§ **Exercise**: Repeat the data as given. Images do not go in the copy.

§ **Given material**:
◇ ◇ ◇ ◇

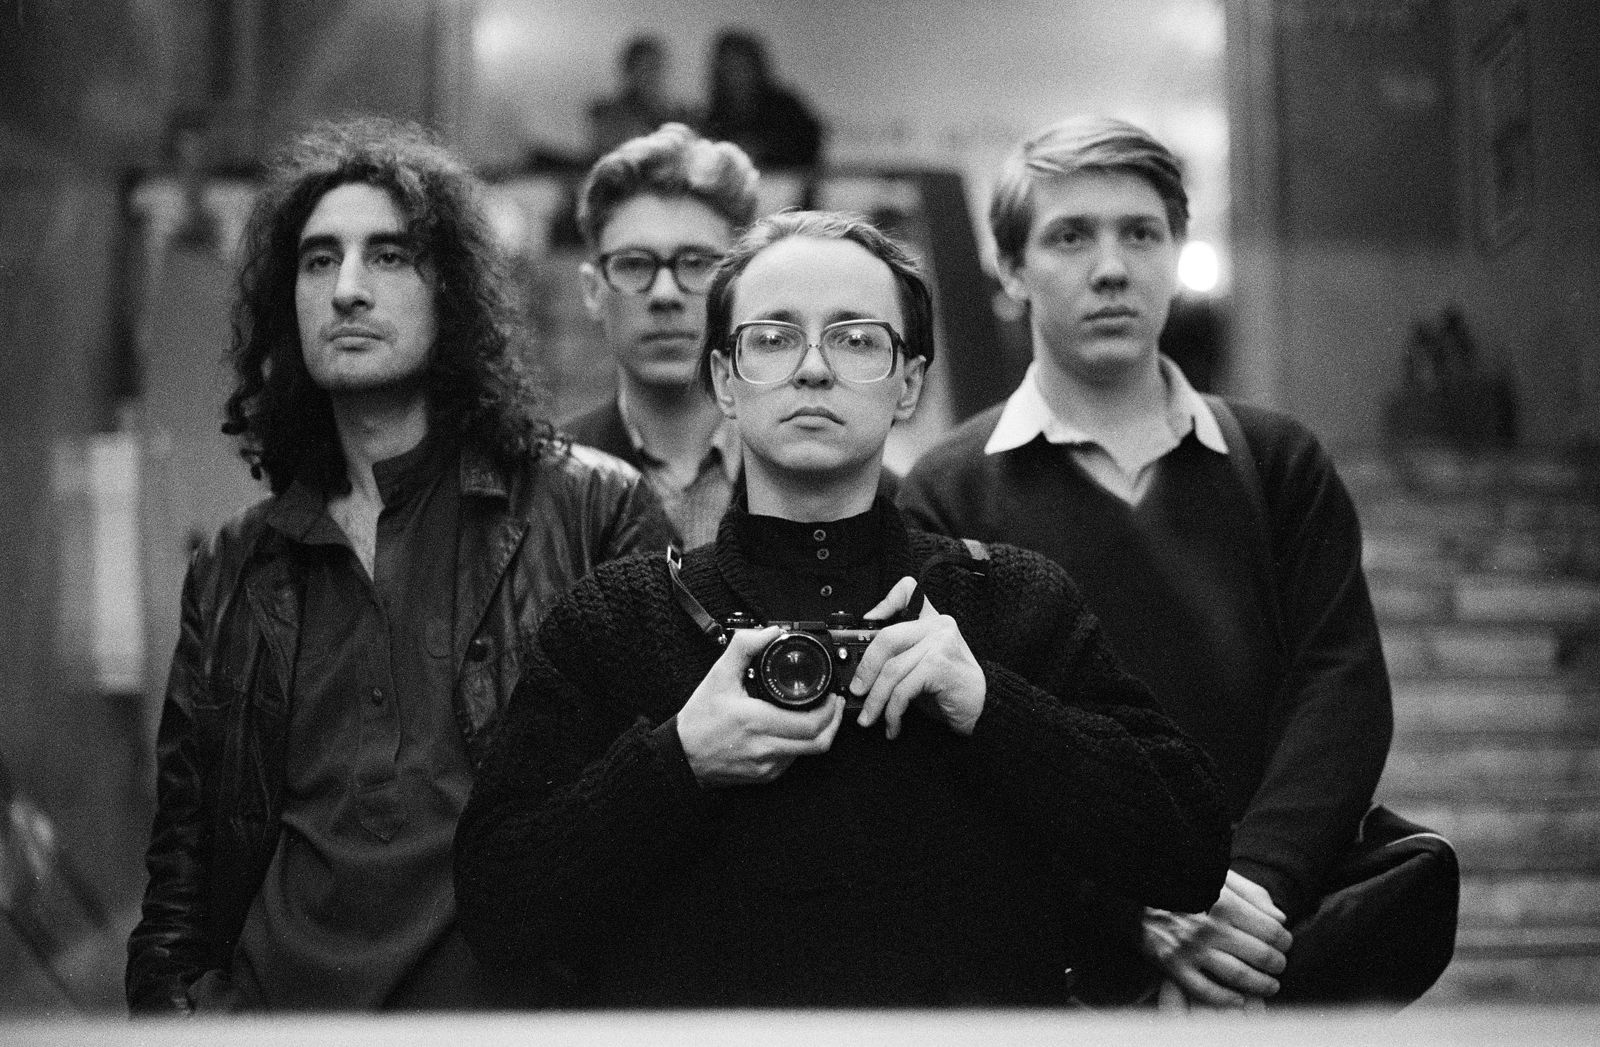 автопортрет с Борисом Юханановым и братьми Олейниковыми
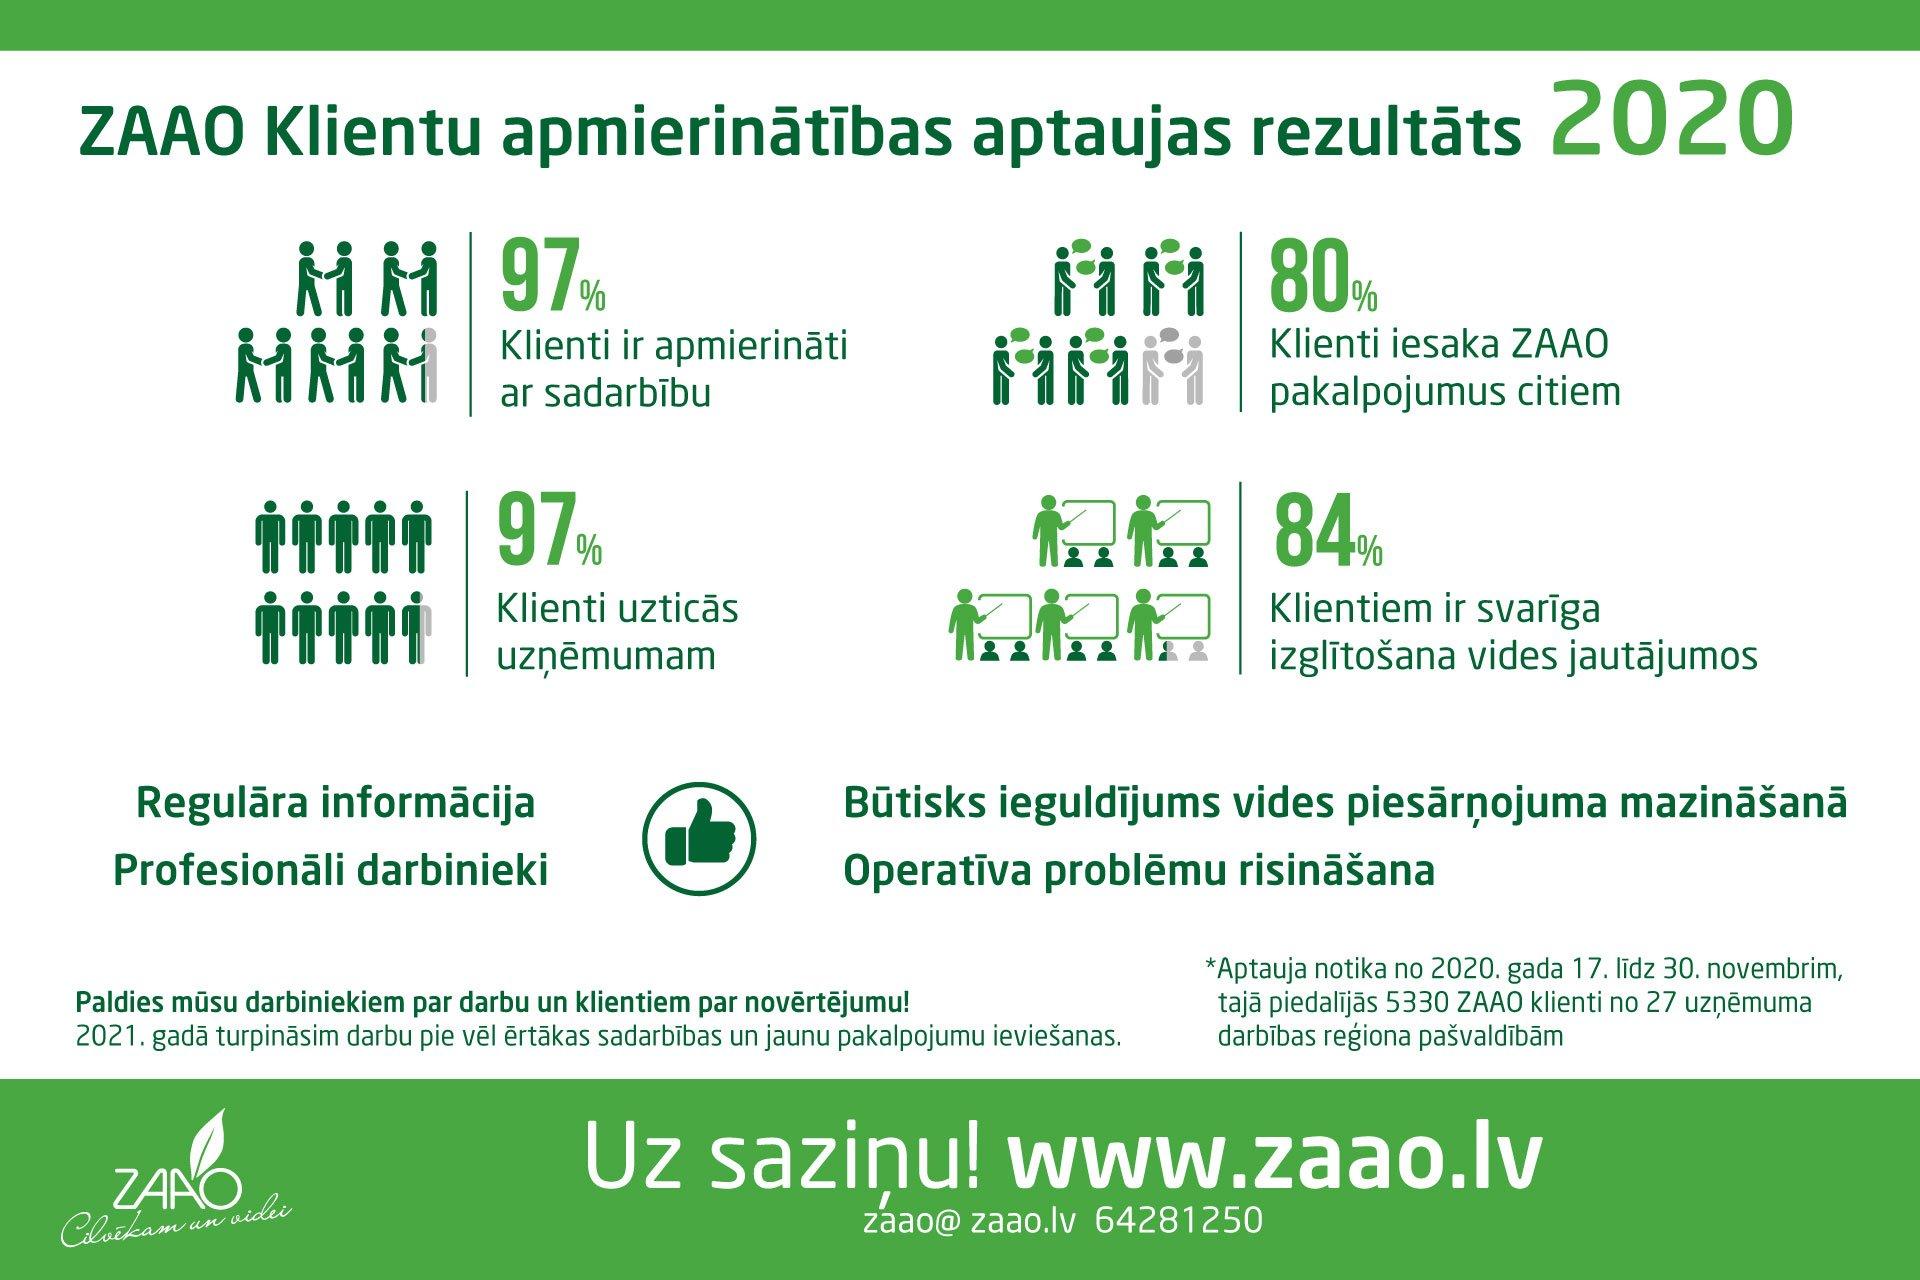 ZAAO klienti atzinīgi novērtē sadarbību atkritumu apsaimniekošanā
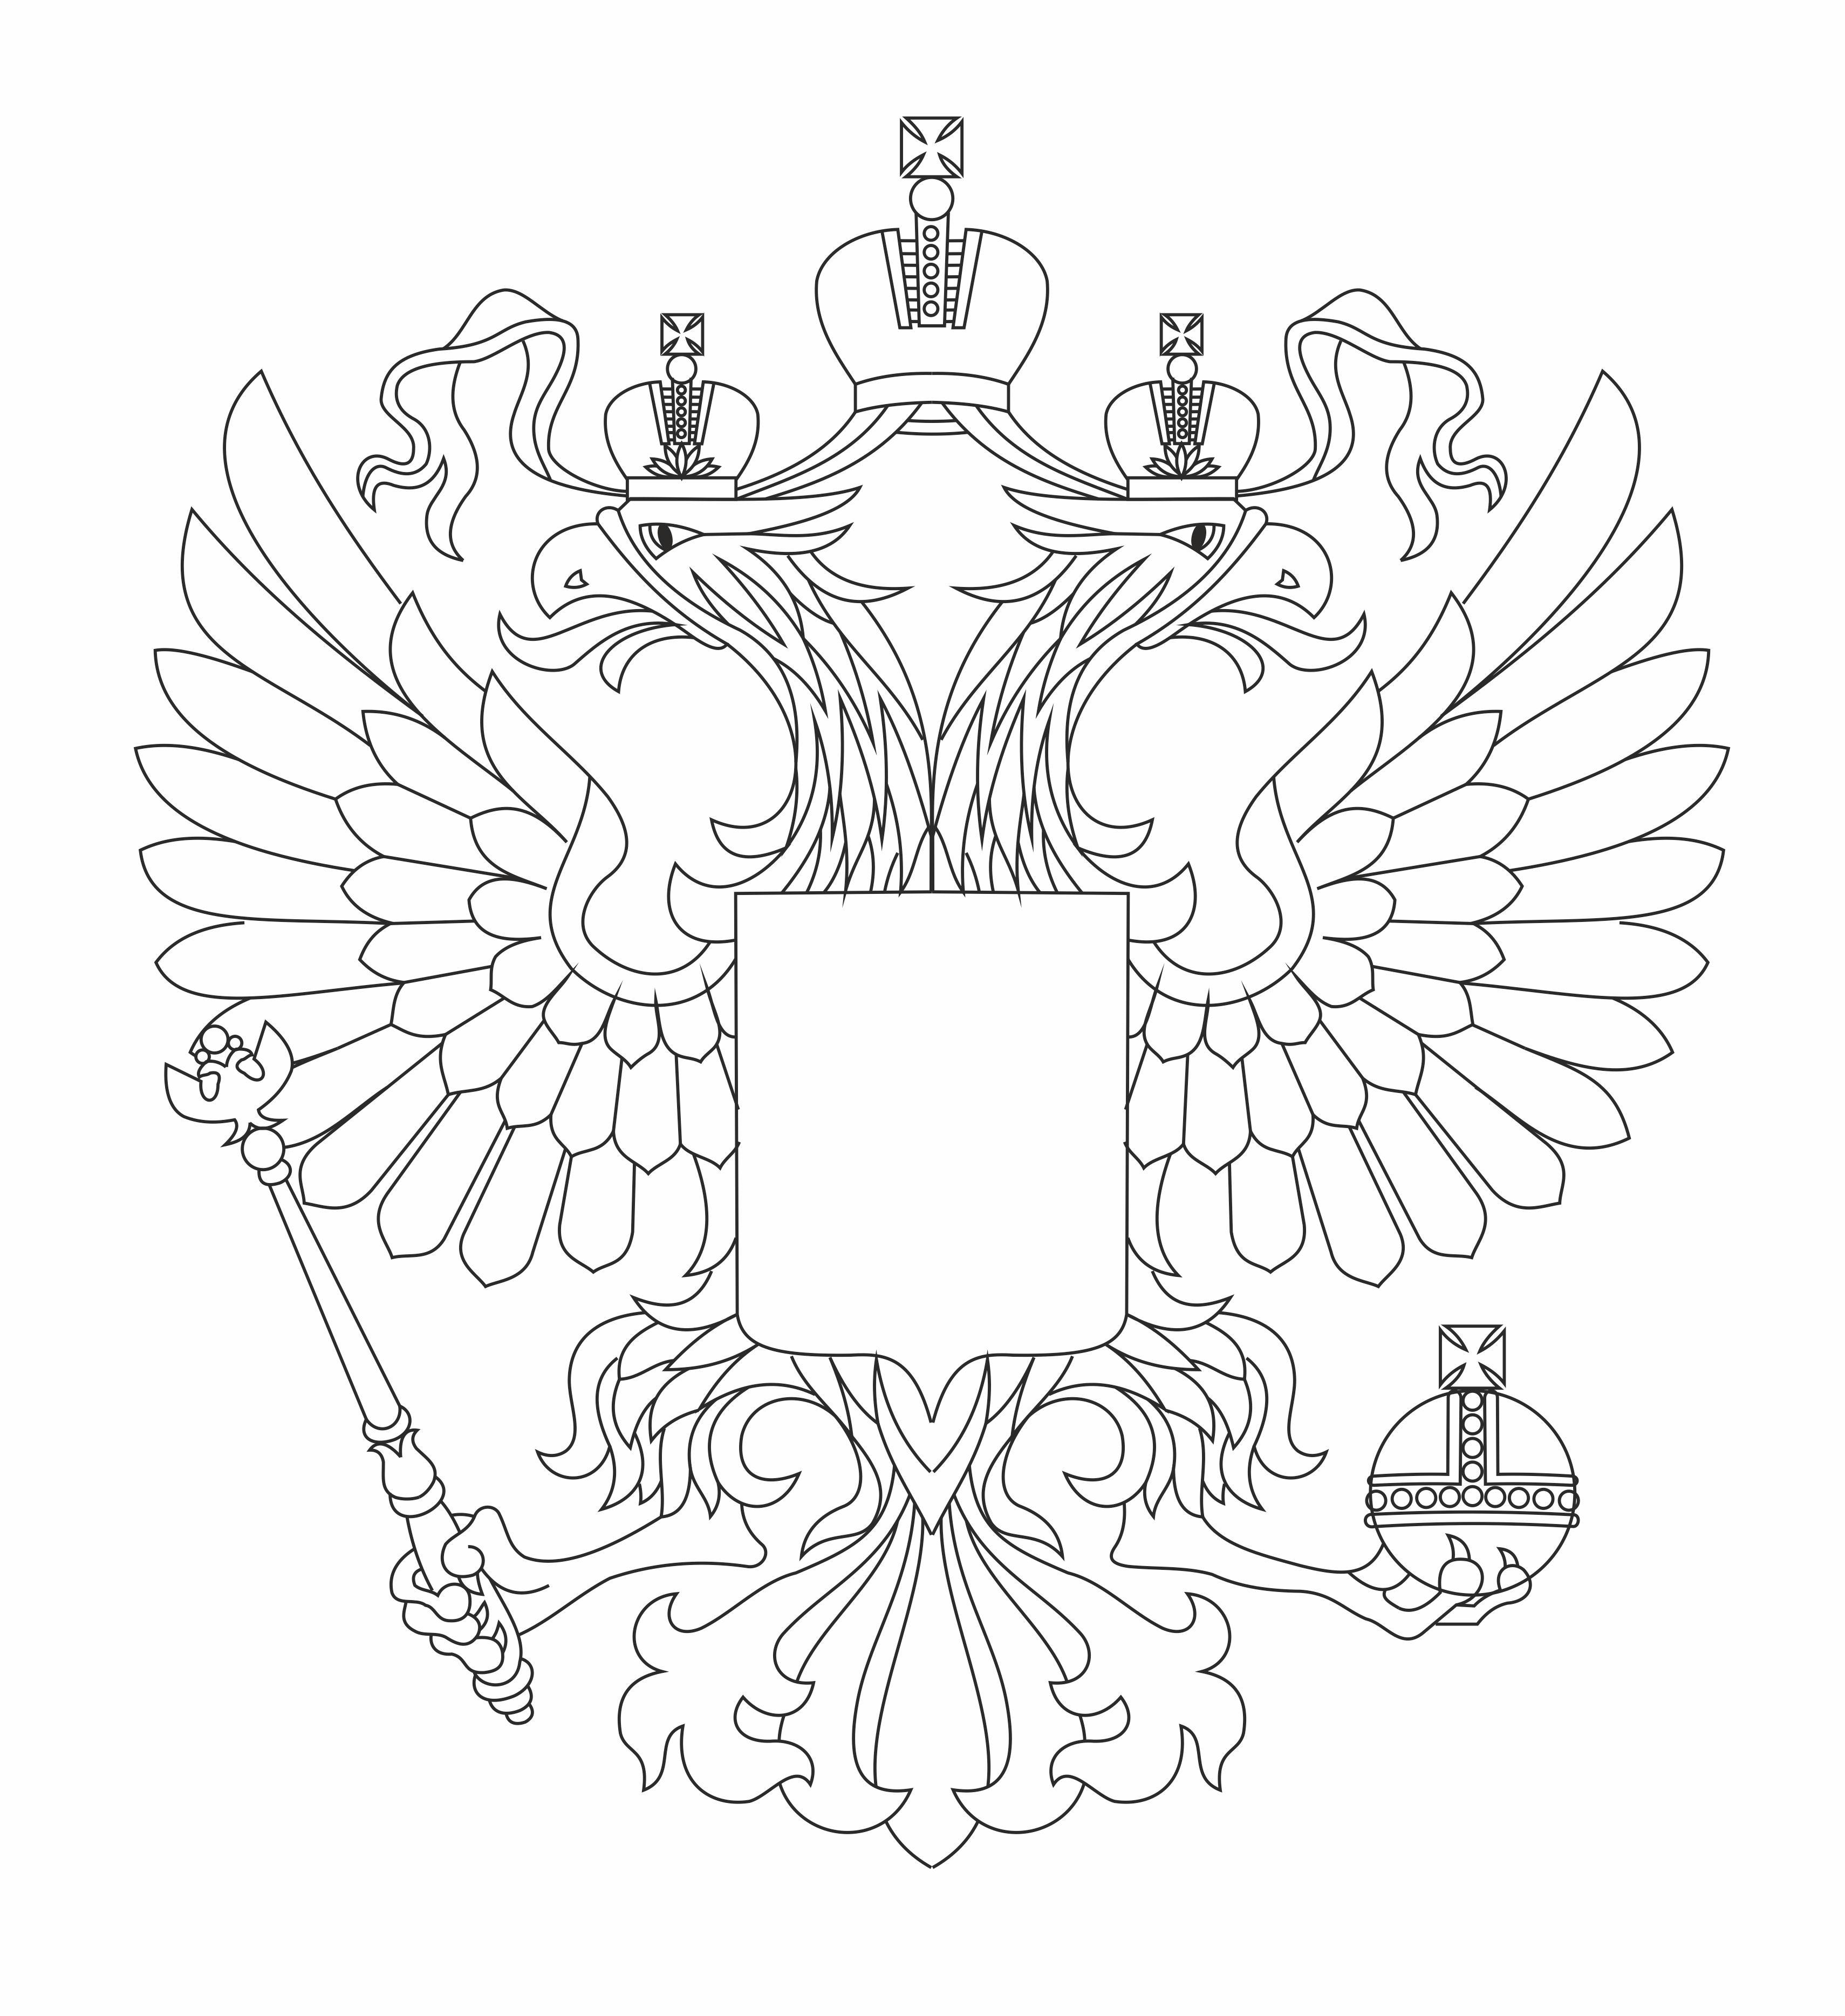 Как нарисовать герб россии схема
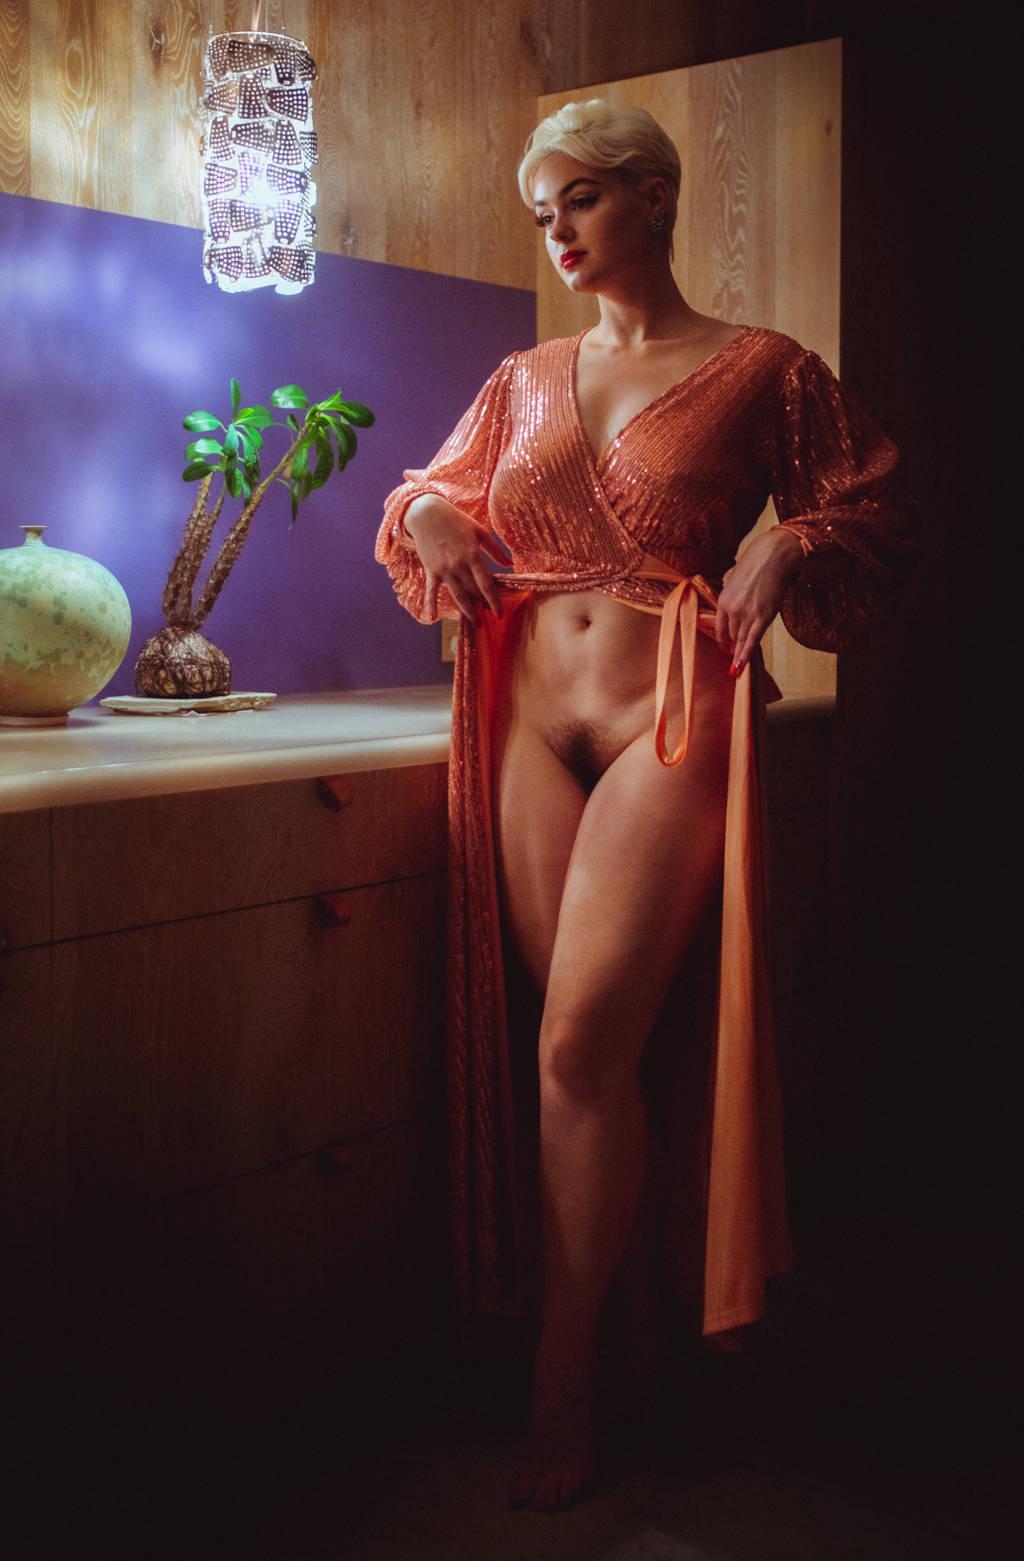 Stefania Ferrario nude | FitNakedGirls.com

◇ ◇ ◇ ◇

§ **Solution for this exercise**:
 автопортрет с Борисом Юханановым и братьми Олейниковыми
 ZAAO klienti atzinīgi novērtē sadarbību atkritumu apsaimniekošanā
 Как нарисовать герб россии схема
 Stefania Ferrario nude | FitNakedGirls.com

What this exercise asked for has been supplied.